=== TASK INSTRUCTIONS ===
Reproduce the whole listing exactly, omitting any picture it holds.

=== SUPPLIED INFORMATION ===
________________________________________

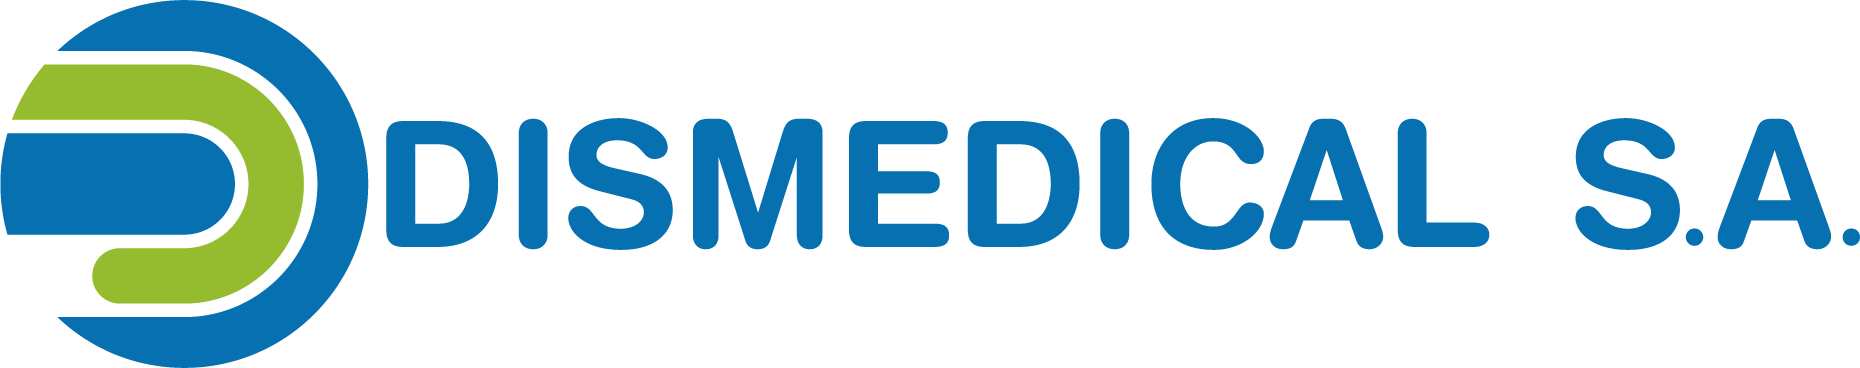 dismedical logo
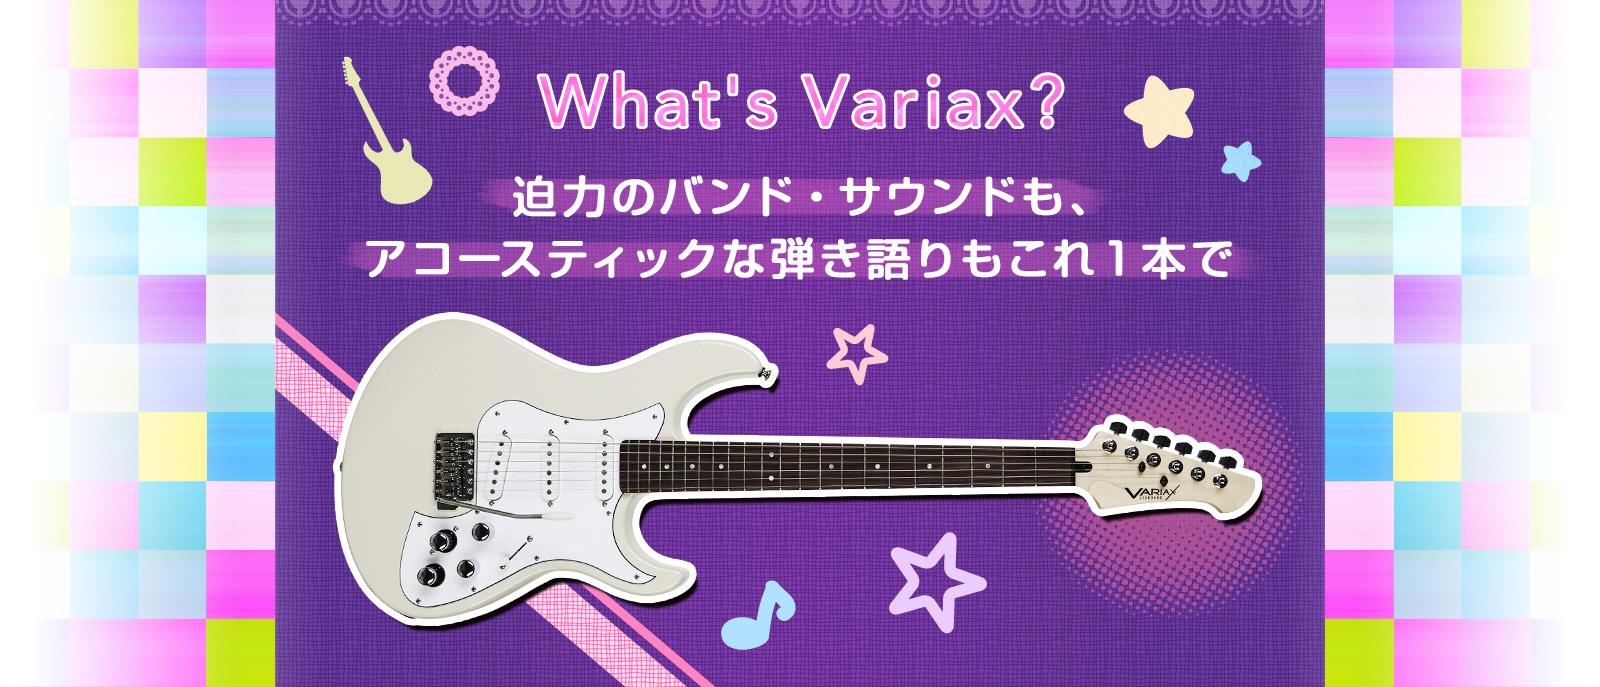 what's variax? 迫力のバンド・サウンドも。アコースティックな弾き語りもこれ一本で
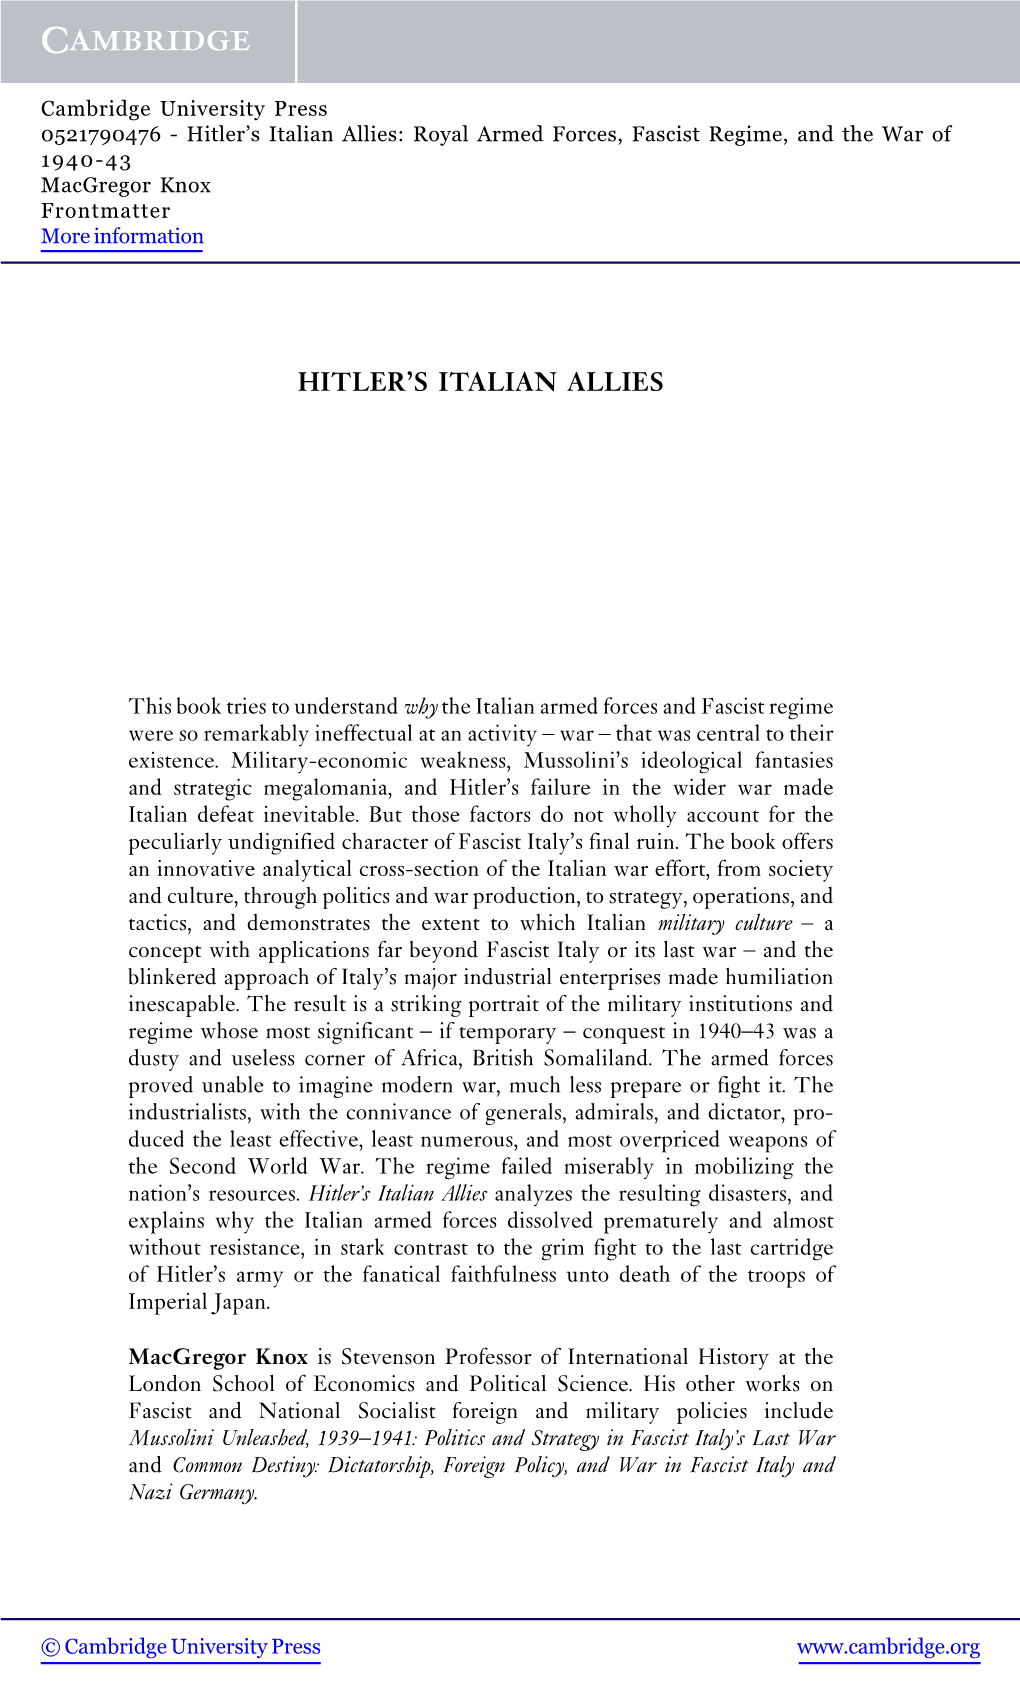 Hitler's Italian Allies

________________________________________

=== SOLUTION FOR THIS EXERCISE ===
 dismedical logo
 what's variax? 迫力のバンド・サウンドも。アコースティックな弾き語りもこれ一本で
 Hitler's Italian Allies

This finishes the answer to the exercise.